Carstairs grinned, looking a bit like a buccaneer himself. “What he doesn’t know won’t hurt him,” he said.

Five: Kicking Asteroid

Despite his protestations about the pirate base being “practically on the way” to the Pangaea, Captain Carstairs elected to take an oblique approach, guiding the frigate toward the target while using the asteroids themselves as cover. A burst of acceleration propelled the Pegasus away from the massive star, and then the ship reversed orientation and decelerated hard as she approached the asteroid belt. She was moving relatively slowly, with the crew in a zero-G state, as she slipped into the belt of drifting rock in orbit around Alpha Centauri.

Like a submarine moving silently through shallow waters, she relied mainly on passive detection systems to avoid the hazardous planetoids drifting to all sides. Her crew primarily employed high-resolution camera images, pictures collected by nanotech lenses and magnified to a power of 100,000 or more, to pick a path, backing up the visuals with low-power radar signals. Steering rockets burned briefly, easing the silver spaceship past one obstacle after another as she closed steadily on the target Captain Carstairs had identified.
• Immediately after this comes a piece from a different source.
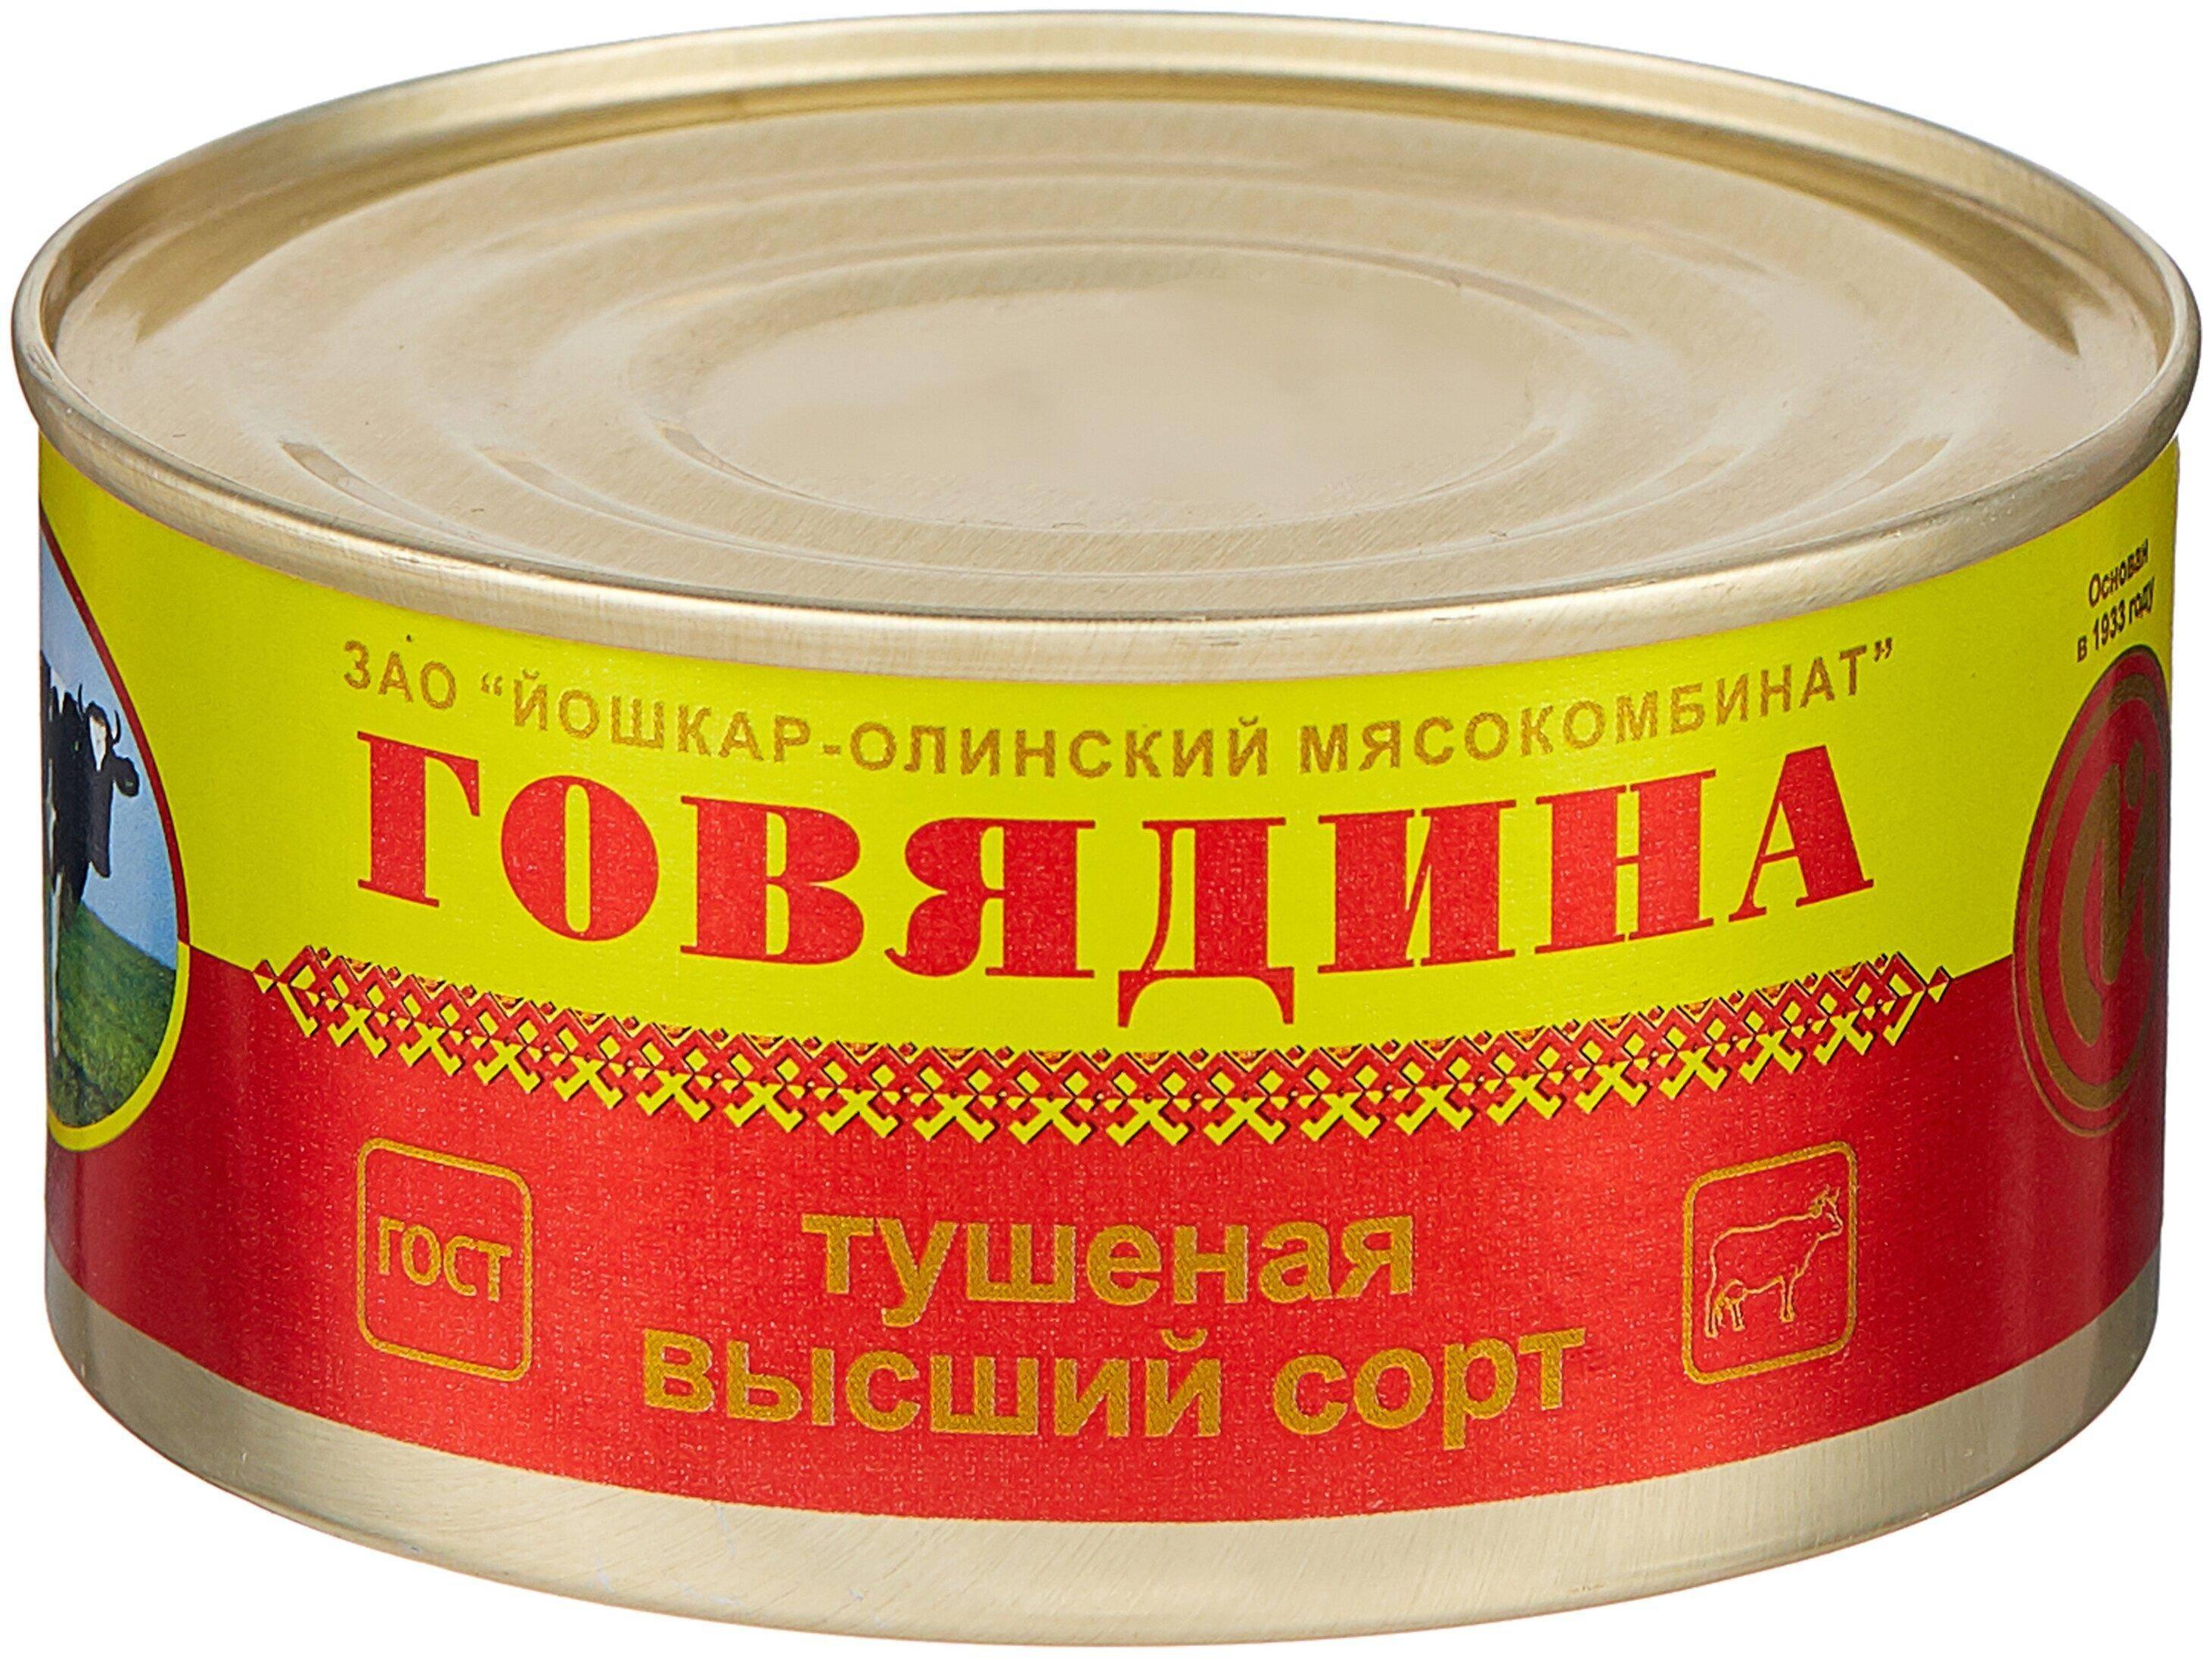 Йошкар-Олинский мясокомбинат Говядина ГОСТ

“Fortunately, these asteroids aren’t quite as densely packed as those in our own system,” the captain remarked to Jackson. “But any one of the damned things could do us a world of hurt.”

The SEALS lieutenant could only nod, marveling at Carstairs’s calm while his own hands were clenched into white-knuckled fists and he pictured, at any moment, a jagged and lethal chunk of ice-crusted rock smashing through the hull and ending their mission and their lives in an instant.